Single by Leandro e Leonardo

from the album Leandro e Leonardo Vol.4
- Released: 1990
- Recorded: January 1990
- Studio: Chantecler (São Paulo, Brazil)
- Genre: Sertanejo
- Length: 3:19
- Label: Chantecler
- Songwriters: Douglas Maio; José Ribeiro; Mario Soares;
- Producer: César Augusto

Leandro e Leonardo singles chronology
| "Talismã" (1990) | "Pense em Mim" (1990) | "Desculpe, Mas Eu Vou Chorar" (1991) |

= Pense em Mim =

Pense em Mim (Think of Me) is a song written by Douglas Maio, José Ribeiro and Mario Soares and recorded by the Brazilian sertanejo music duo Leandro e Leonardo on their fourth studio album Leandro e Leonardo Vol.4.

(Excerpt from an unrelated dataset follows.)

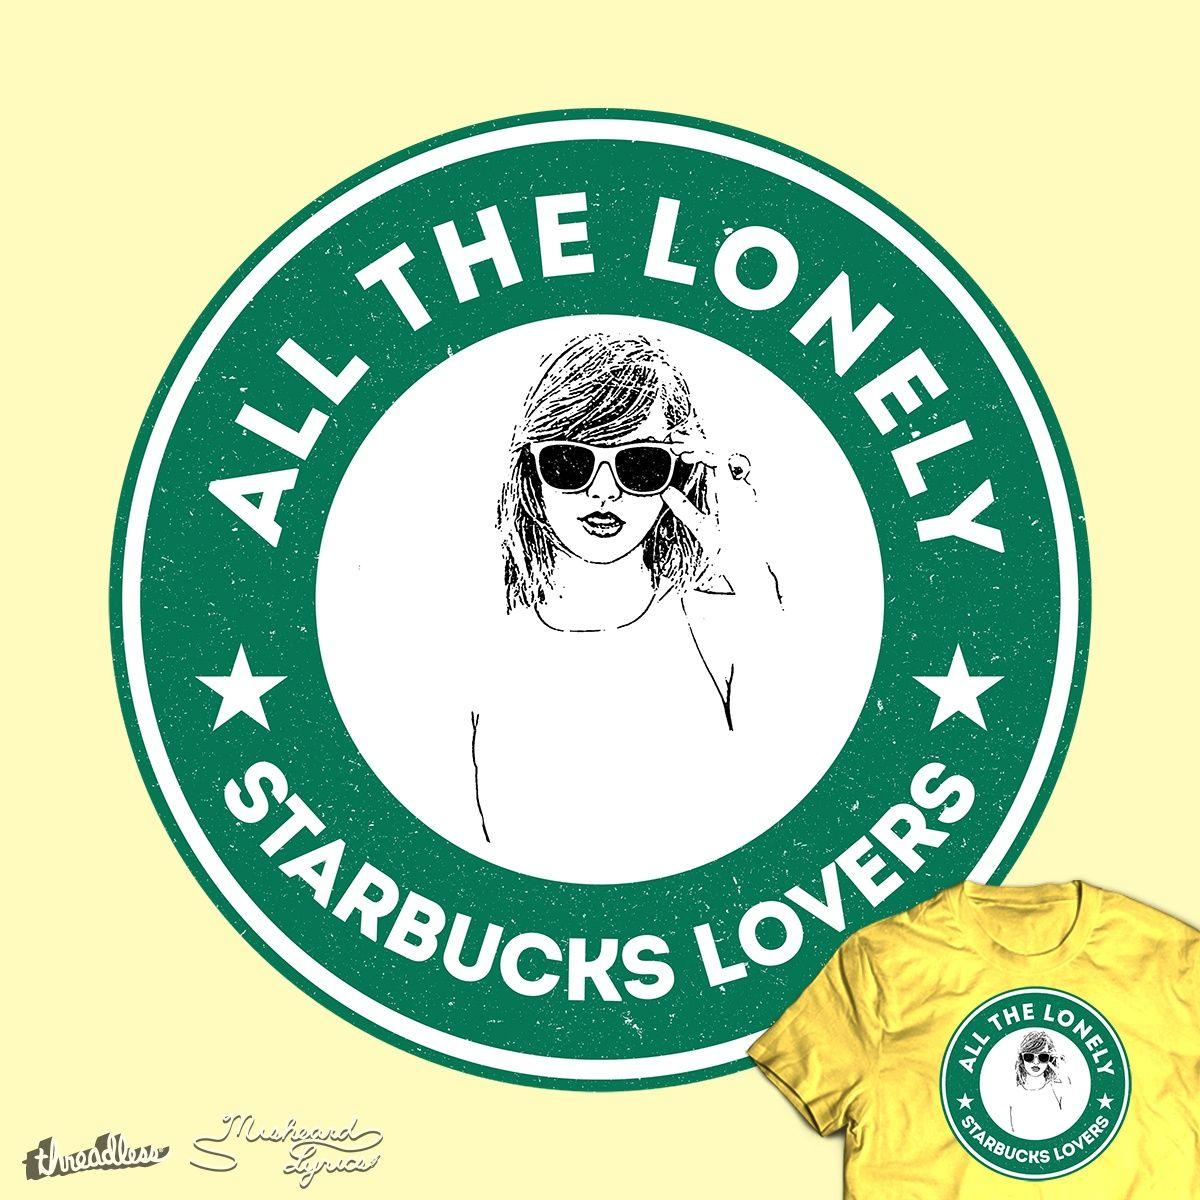 Blank Starbucks Logo - Score Starbucks Lovers by IAApparel on Threadless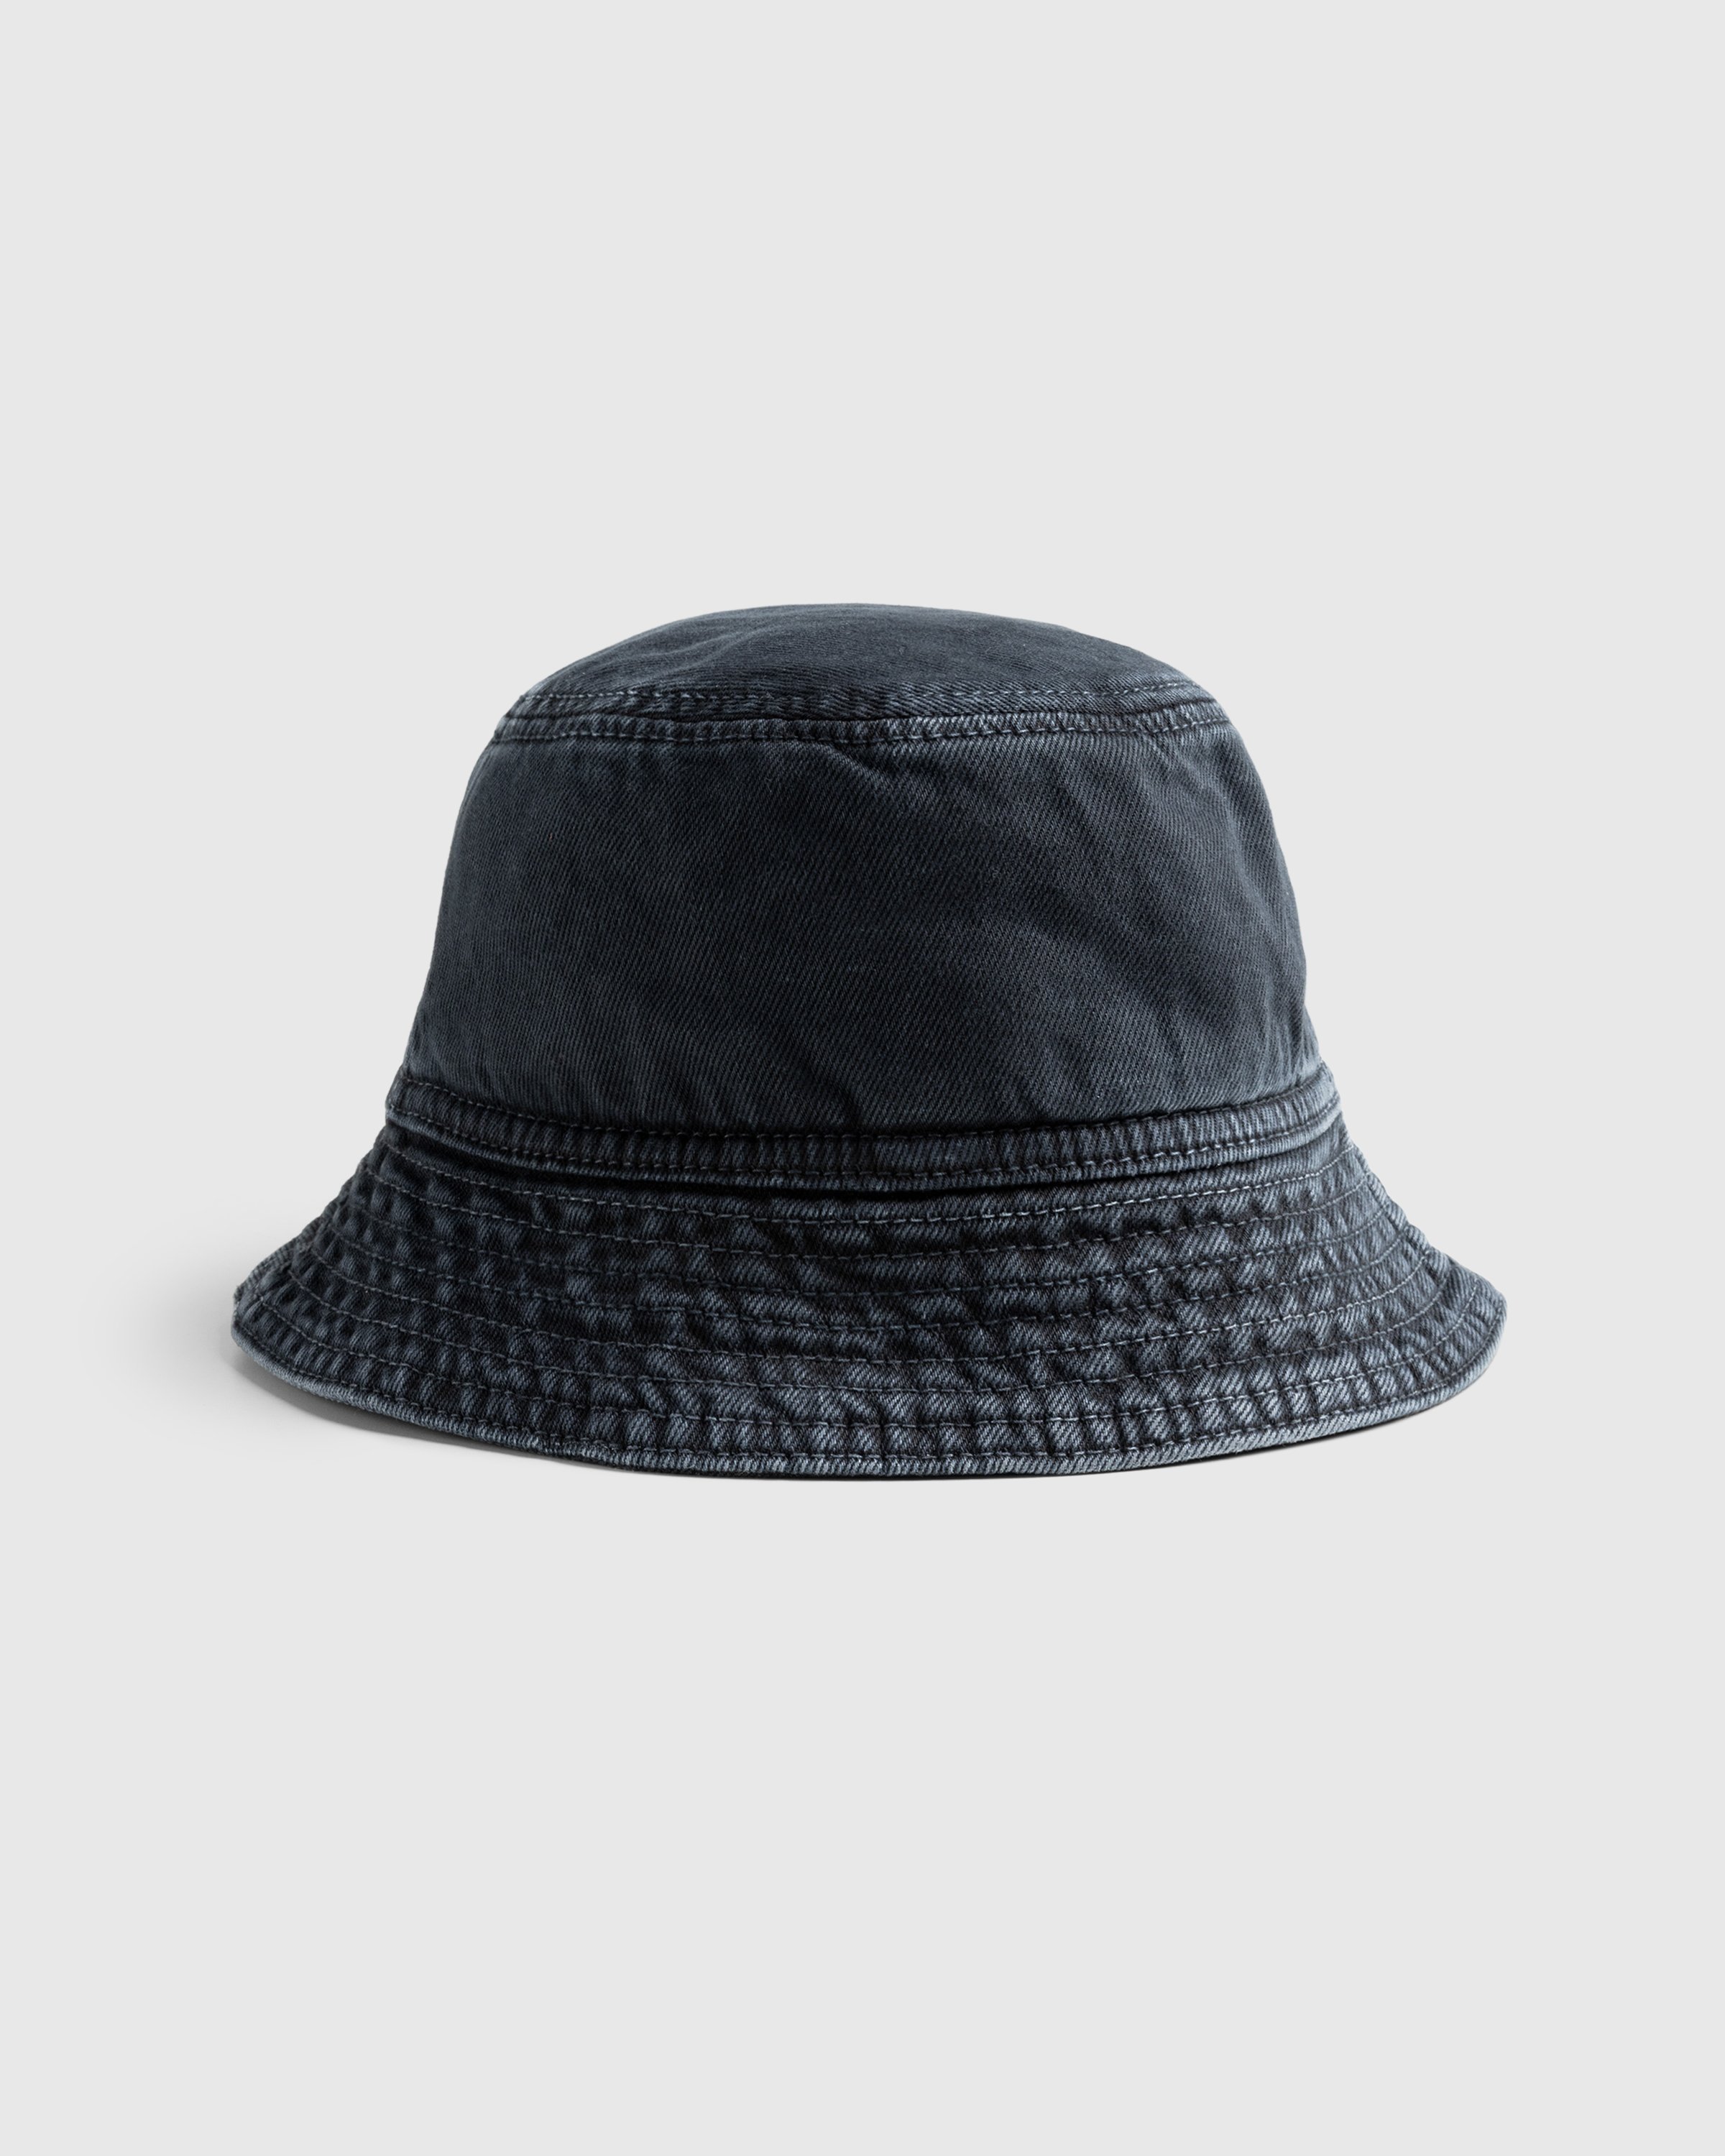 Carhartt WIP - Garrison Bucket Hat Black /stone dyed - Accessories - Black - Image 2

With an arrangement that uses the synthesizer to reproduce strings and brass, the recording opens with a 16-bar saxophone solo, followed by the simple structure of the song: part A, chorus, part B, repeat the introduction, part B, chorus, repeat the chorus. Both in its instrumentation and theme, "Pense em Mim" shows an adaptation of the sertanejo music style to the taste of the urban public, in an attempt to dissociate the duo from the rural world and expand its reach.

The strategy was successful: released together with the album, in January 1990, "Pense em Mim" was one of the duo's biggest hits, reaching sixth place on the national charts. The CD sold more than 2.85 million copies in Brazil.

In the early 1990s, the song was covered by the rock band Patrulha 66. Later, it would also be covered by artists such as Hebe Camargo (on the CD Pra Você, from 1998), Marília Pêra (on Estrela Tropical, from 2000, in a medley with "Que Raio de Amor é Esse?") and Olivia Byington (Perto, from 2009).